Attracting tenants to your buy to let
Thursday 10th May 2012
If you have been marketing your buy to let and not getting any tenants, ask yourself one question: would you want to live there?
In the same way that owner occupiers may give the outsides of their properties a lick of paint before they put a house on the market, the same kerb appeal principles apply to buy to lets.
There is one area of differentiation: gardens. You may have a couple of weeks of pleasant flowers with new plants you use to brighten up the place, but putting in plants that need lots of watering may leave you with an unsightly pot full of twigs a few weeks later if your tenants are not keen gardeners.
By keeping the décor of your buy to let property neutral, you may attract a wider range of potential tenants.
A standard residential tenancy may contain a clause that prevents the tenants from causing any damage to the decoration or changing the colours of the walls. This is a clause that is worth enforcing because if your student tenants decide to paint the walls orange, for example, this might put the families market off! Likewise, by keeping the same colour throughout it means that you can bulk buy paint and keep a central stock that suits all of your properties.
Location, location, location!
As with owner occupied properties, location is key when it comes to buy to lets. The same issues concern tenants as they do owners, namely:
- Transport links;
- Good schools;
- Proximity to shops and local amenities.

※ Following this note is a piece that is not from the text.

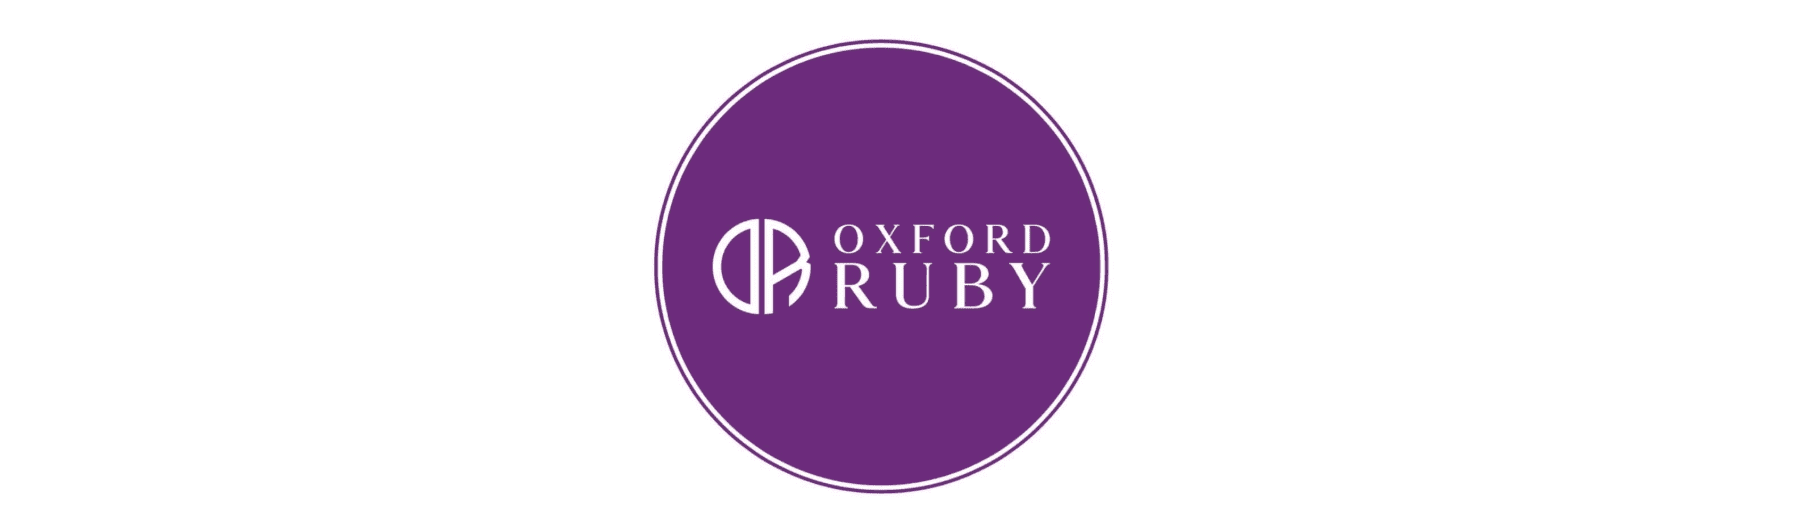 OXFORD RUBY

Choosing a property in a “nice” area may also have the advantage of landlord property cover that may be affordable, as let property insurance may be based on the same cost signifiers (crime and flooding) as regular buildings insurance.
Targeting a particular market?
If you are knowledgeable about a particular sector, it may make sense to have a target market for your buy to let. However, this may depend on the nature of your property. If, for instance, you are leaving the country for work and want to let out your family home, you may prefer the house to be occupied by another family rather than a handful of students who like to party.
If you do have the student market in your sights, you may wish to keep an eye on the plans of the local colleges and universities in your area. A college that is expanding courses and increasing places may be able to find you fresh tenants in a matter of weeks.